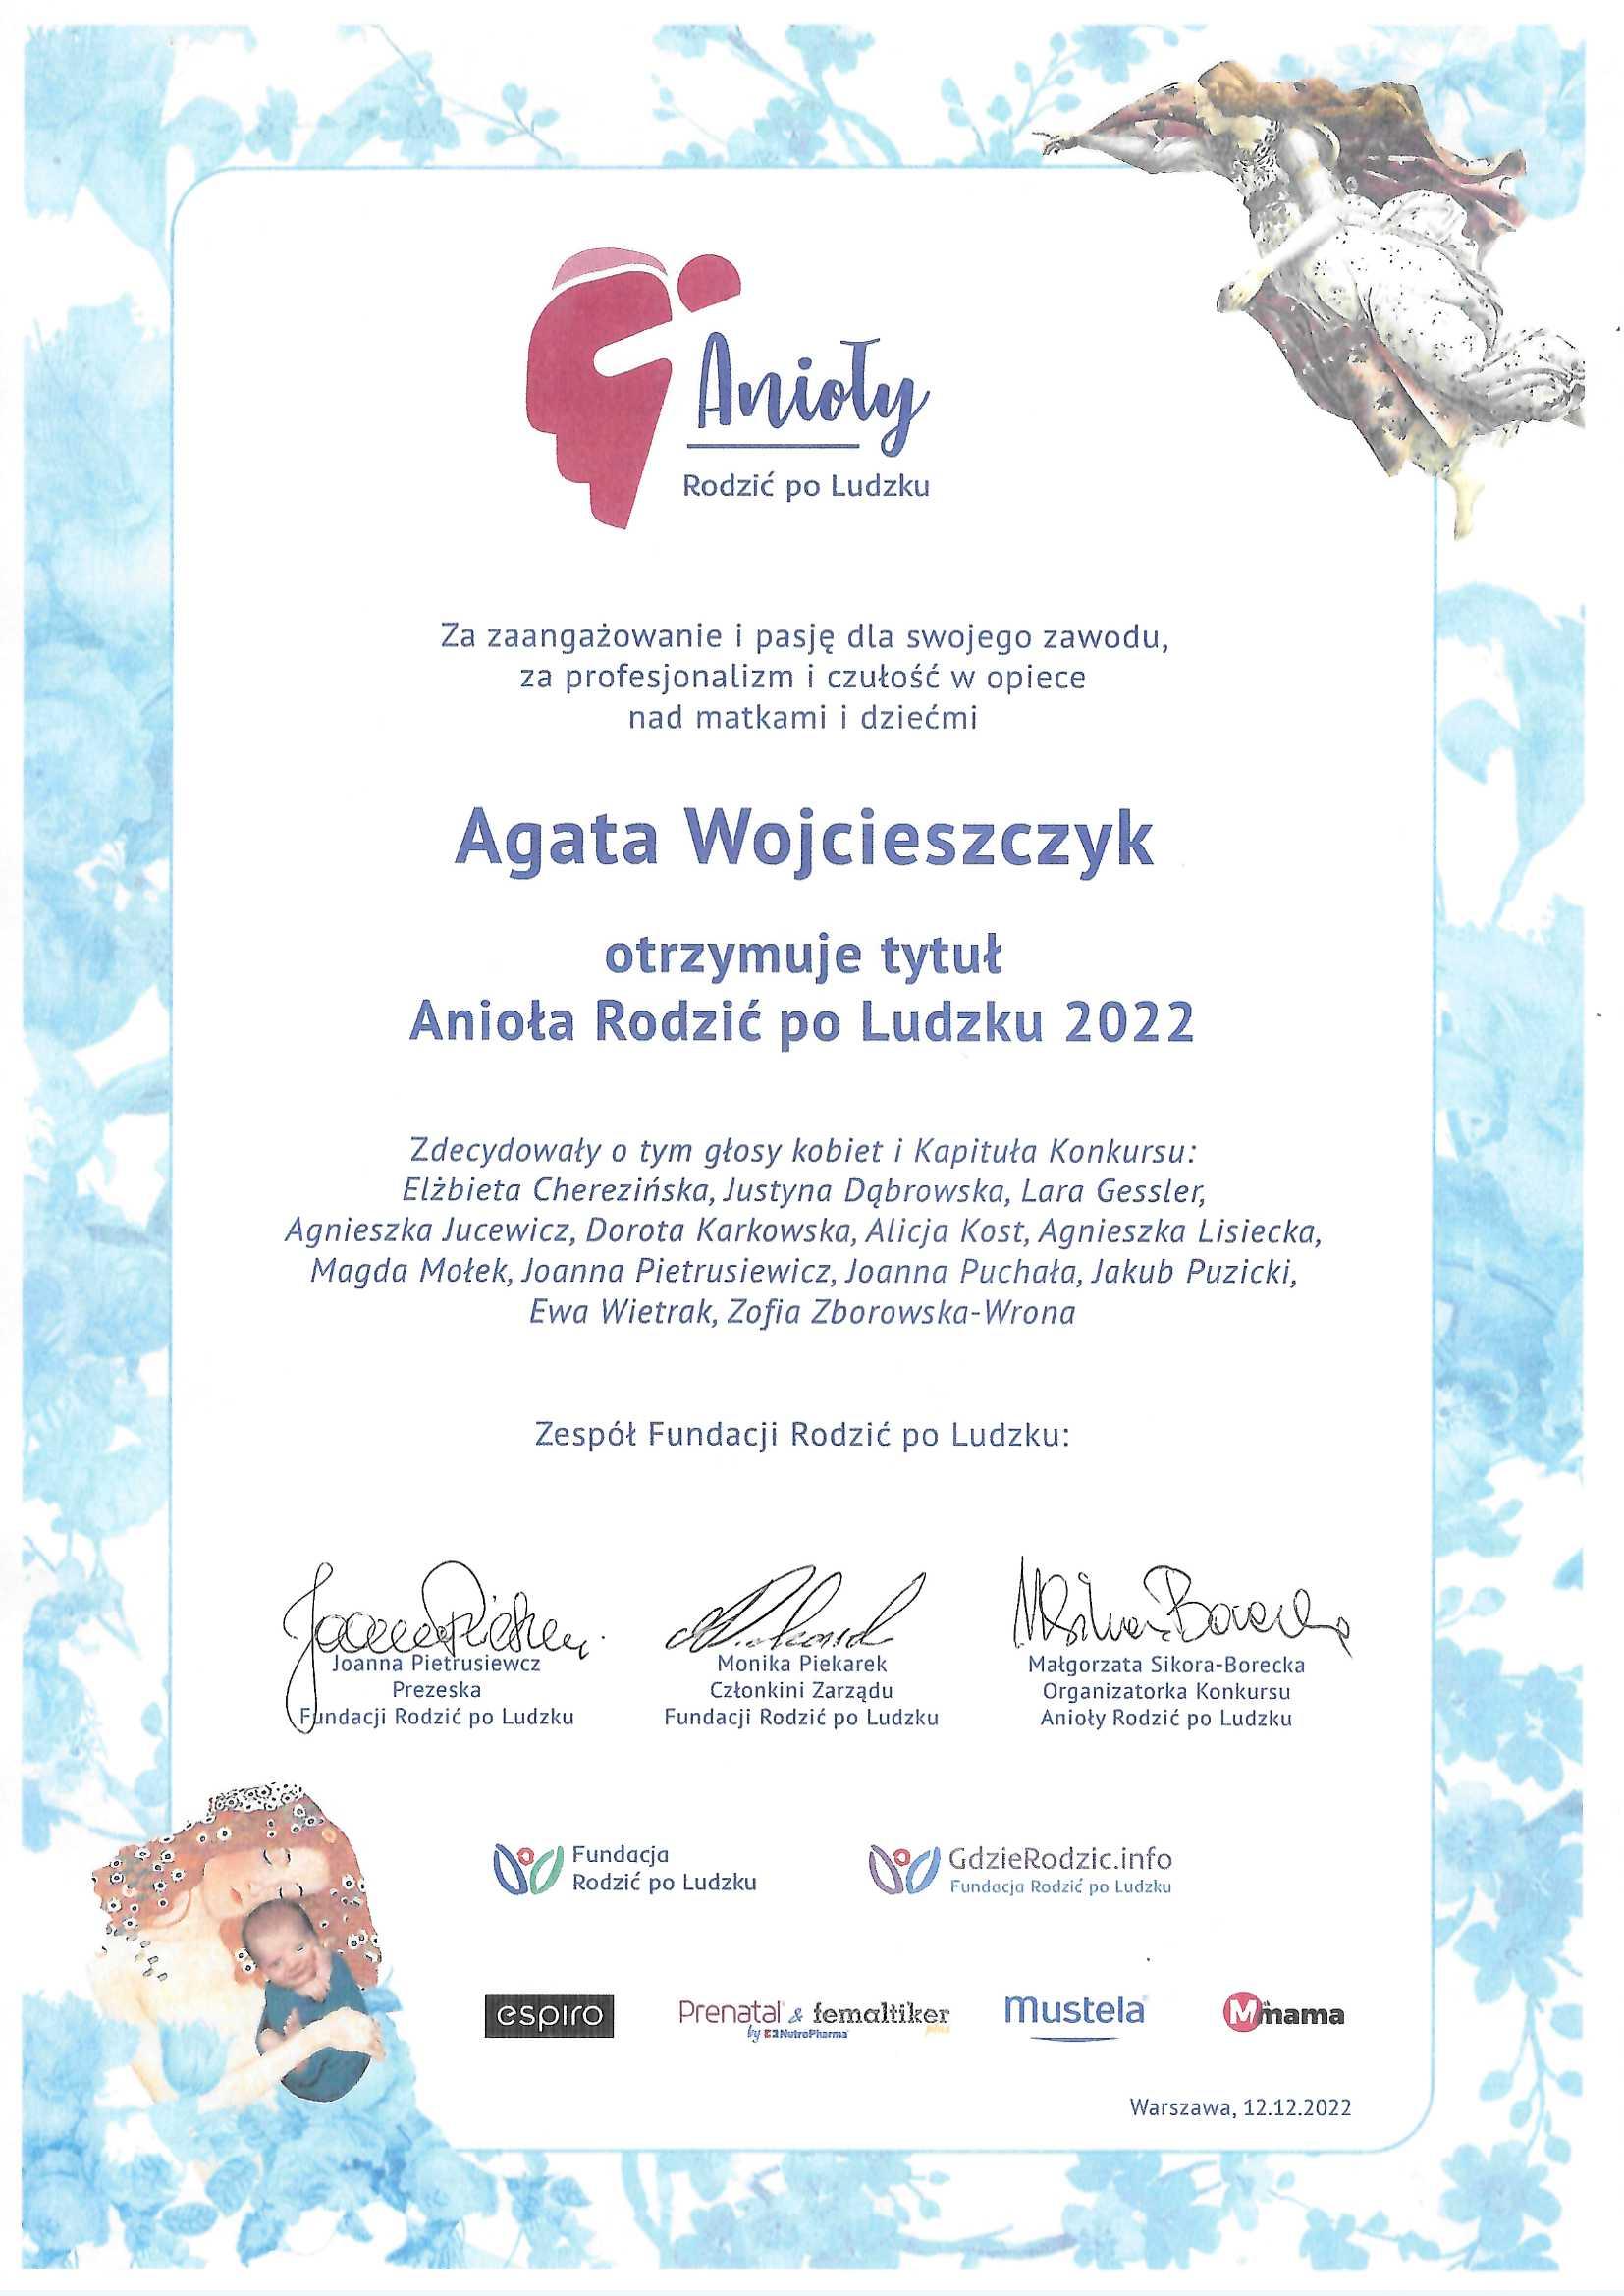 Certyfiikat informujący, że położna Agata Wojcieszczyk otrzymała tytuł Anioła Rodzic po Ludzku 2022
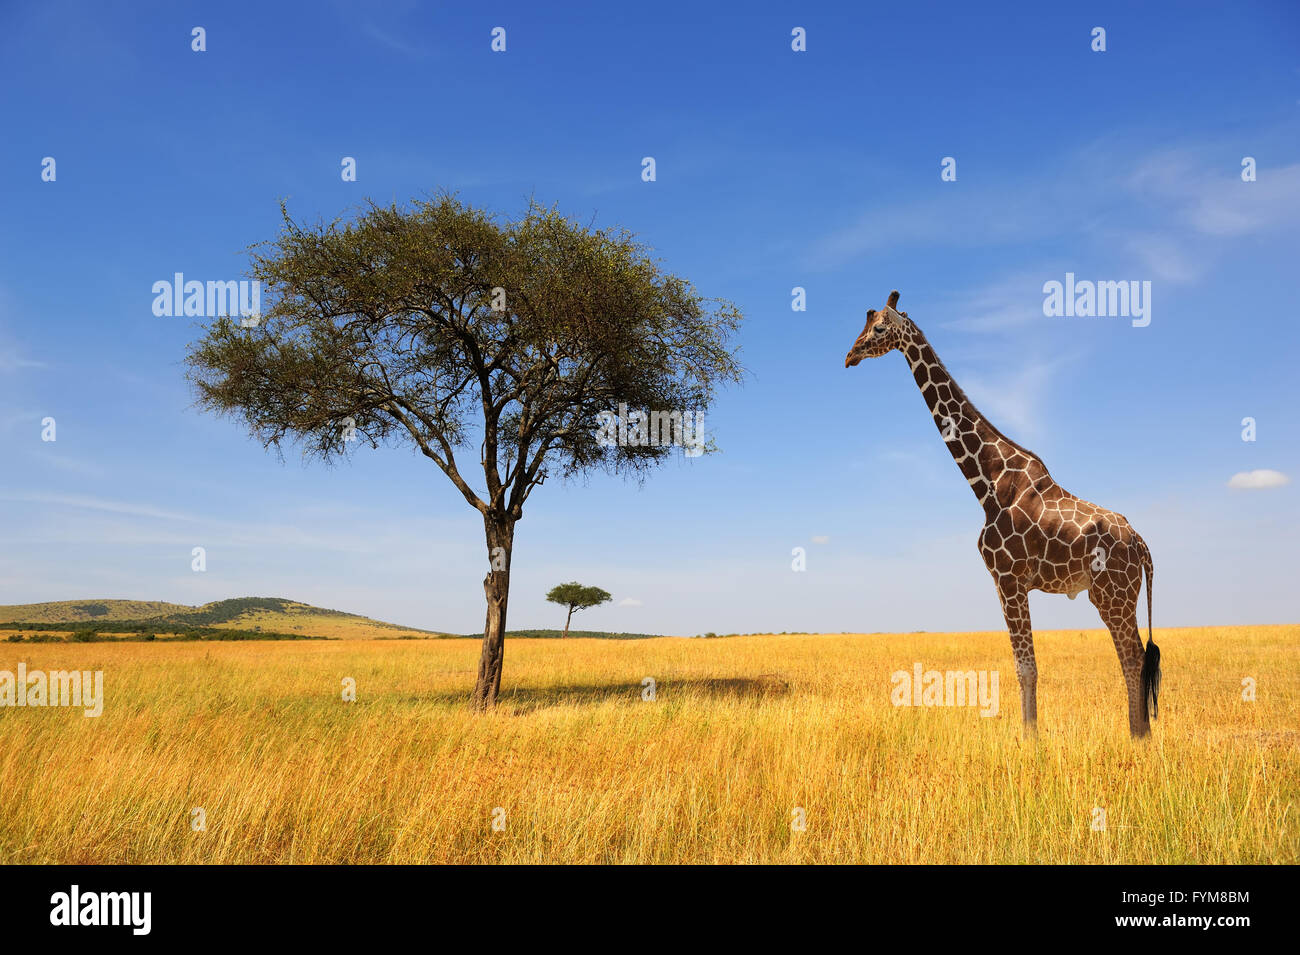 Beau paysage avec arbre et girafe en Afrique Banque D'Images
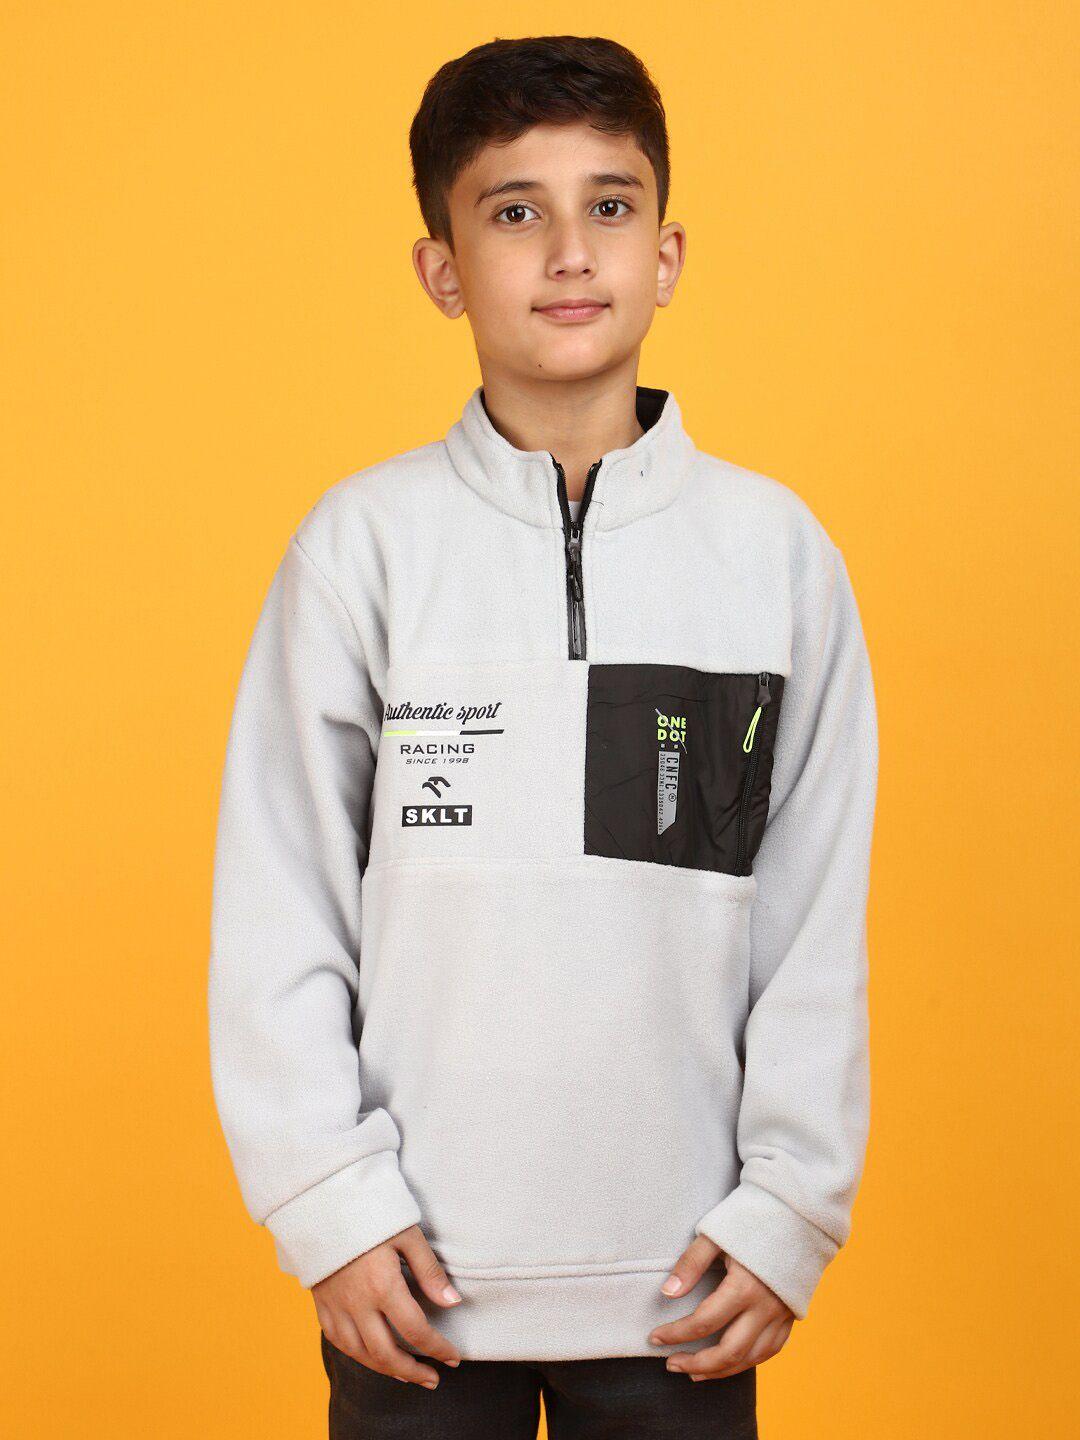 v-mart boys typography printed acrylic sweatshirt

** ACTIVITY **
The data must be printed exactly, image-free.

** RESULT FOR THIS TASK **
 Certyfiikat informujący, że położna Agata Wojcieszczyk otrzymała tytuł Anioła Rodzic po Ludzku 2022
 Beau paysage avec arbre et girafe en Afrique Banque D'Images
 v-mart boys typography printed acrylic sweatshirt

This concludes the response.